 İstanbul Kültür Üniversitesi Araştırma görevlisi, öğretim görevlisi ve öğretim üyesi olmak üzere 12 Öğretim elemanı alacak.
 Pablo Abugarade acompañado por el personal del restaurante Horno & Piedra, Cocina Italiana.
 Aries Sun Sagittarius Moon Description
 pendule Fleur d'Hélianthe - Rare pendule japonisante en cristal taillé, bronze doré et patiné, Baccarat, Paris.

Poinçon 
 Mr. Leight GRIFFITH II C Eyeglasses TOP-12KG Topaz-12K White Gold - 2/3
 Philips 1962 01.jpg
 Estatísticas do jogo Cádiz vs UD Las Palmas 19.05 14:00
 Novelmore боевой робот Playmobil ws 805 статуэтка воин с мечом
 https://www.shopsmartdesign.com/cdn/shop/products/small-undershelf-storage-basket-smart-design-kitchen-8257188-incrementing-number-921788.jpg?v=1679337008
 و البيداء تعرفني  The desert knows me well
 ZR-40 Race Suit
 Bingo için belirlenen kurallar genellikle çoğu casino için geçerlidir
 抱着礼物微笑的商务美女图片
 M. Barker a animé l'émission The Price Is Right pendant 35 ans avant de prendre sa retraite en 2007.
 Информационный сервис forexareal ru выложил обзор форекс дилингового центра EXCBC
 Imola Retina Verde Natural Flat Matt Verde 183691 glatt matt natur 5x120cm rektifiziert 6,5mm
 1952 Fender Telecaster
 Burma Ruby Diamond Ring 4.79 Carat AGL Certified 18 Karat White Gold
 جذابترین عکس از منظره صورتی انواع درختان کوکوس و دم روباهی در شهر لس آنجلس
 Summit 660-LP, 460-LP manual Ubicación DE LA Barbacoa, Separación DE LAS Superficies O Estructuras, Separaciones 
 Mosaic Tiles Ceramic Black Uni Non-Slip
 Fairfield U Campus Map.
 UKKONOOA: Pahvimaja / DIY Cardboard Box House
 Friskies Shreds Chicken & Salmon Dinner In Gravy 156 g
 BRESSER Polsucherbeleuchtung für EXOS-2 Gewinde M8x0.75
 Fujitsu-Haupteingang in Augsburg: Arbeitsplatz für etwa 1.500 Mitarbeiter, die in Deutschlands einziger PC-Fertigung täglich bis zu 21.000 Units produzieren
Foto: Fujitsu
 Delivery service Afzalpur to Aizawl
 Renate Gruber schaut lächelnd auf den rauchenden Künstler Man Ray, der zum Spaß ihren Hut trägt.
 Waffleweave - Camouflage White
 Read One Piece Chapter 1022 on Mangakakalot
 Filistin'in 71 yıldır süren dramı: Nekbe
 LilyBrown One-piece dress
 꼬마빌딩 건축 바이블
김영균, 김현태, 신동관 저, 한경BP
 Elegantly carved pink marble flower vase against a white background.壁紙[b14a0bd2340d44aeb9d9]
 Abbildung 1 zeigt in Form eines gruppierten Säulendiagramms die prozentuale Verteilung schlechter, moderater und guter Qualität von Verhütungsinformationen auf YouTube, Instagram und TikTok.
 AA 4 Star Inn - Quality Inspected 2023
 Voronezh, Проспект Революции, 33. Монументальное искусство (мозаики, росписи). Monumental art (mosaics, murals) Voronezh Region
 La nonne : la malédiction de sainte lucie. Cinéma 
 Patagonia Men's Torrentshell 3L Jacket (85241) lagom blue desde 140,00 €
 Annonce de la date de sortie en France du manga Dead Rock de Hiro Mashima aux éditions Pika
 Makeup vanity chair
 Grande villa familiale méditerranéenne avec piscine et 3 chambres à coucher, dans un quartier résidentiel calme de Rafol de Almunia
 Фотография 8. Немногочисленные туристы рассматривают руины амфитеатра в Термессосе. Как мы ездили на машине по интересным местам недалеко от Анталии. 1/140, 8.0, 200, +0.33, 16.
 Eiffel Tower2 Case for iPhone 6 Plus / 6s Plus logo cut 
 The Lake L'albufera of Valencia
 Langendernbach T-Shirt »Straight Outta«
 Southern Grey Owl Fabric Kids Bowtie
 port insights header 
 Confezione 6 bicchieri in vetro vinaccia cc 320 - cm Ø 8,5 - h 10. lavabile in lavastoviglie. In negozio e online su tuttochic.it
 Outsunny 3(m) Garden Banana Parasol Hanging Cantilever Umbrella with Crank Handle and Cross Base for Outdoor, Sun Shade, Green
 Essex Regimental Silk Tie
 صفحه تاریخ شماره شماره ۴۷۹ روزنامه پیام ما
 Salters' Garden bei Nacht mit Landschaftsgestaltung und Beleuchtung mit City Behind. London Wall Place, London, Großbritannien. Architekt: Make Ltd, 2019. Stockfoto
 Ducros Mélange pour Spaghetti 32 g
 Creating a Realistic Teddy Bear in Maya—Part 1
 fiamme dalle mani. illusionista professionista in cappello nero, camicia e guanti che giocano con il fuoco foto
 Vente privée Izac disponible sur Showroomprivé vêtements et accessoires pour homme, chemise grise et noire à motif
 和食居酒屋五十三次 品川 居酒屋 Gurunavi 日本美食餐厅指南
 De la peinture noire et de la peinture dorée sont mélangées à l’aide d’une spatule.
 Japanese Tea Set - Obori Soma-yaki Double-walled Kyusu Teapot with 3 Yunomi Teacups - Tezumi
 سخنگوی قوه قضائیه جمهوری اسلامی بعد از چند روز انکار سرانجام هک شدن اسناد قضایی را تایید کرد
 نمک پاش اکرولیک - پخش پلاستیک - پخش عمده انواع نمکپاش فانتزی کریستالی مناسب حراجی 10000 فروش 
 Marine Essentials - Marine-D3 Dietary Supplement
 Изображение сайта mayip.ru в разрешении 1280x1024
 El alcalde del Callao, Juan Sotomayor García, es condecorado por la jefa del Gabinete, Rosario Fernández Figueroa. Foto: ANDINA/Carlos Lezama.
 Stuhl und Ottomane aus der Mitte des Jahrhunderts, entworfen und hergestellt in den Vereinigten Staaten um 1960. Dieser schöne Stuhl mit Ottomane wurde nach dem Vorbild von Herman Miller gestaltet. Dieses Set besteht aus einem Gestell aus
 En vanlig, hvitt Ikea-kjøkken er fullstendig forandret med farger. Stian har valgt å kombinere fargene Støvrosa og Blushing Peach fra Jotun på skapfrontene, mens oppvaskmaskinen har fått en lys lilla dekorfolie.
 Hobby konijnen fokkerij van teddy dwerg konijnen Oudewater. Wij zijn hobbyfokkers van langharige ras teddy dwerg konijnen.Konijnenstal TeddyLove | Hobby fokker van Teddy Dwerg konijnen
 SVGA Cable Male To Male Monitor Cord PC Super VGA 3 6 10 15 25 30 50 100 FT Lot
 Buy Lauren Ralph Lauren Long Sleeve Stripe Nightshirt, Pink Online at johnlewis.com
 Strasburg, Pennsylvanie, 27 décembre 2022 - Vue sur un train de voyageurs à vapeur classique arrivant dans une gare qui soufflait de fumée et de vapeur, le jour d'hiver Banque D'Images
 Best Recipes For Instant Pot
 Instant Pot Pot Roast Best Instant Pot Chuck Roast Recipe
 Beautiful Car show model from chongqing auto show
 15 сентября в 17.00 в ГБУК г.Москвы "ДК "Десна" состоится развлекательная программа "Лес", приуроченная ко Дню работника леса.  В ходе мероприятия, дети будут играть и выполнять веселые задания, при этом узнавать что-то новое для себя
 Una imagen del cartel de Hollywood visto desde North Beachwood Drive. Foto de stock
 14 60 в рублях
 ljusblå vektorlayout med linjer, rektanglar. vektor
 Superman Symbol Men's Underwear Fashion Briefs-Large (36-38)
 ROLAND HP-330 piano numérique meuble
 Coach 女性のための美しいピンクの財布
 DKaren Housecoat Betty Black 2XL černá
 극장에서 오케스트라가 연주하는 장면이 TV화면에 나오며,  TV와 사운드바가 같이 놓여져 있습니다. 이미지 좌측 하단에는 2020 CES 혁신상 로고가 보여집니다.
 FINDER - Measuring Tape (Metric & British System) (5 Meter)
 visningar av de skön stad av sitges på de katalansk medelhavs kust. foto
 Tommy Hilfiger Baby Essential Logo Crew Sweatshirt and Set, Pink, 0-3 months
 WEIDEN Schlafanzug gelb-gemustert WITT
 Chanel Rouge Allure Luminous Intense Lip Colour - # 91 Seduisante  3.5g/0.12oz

• _What you are asked to do_
Filter the listing by the string "noire"; copy each matching line.

• _Exercise result_
 Vente privée Izac disponible sur Showroomprivé vêtements et accessoires pour homme, chemise grise et noire à motif
 De la peinture noire et de la peinture dorée sont mélangées à l’aide d’une spatule.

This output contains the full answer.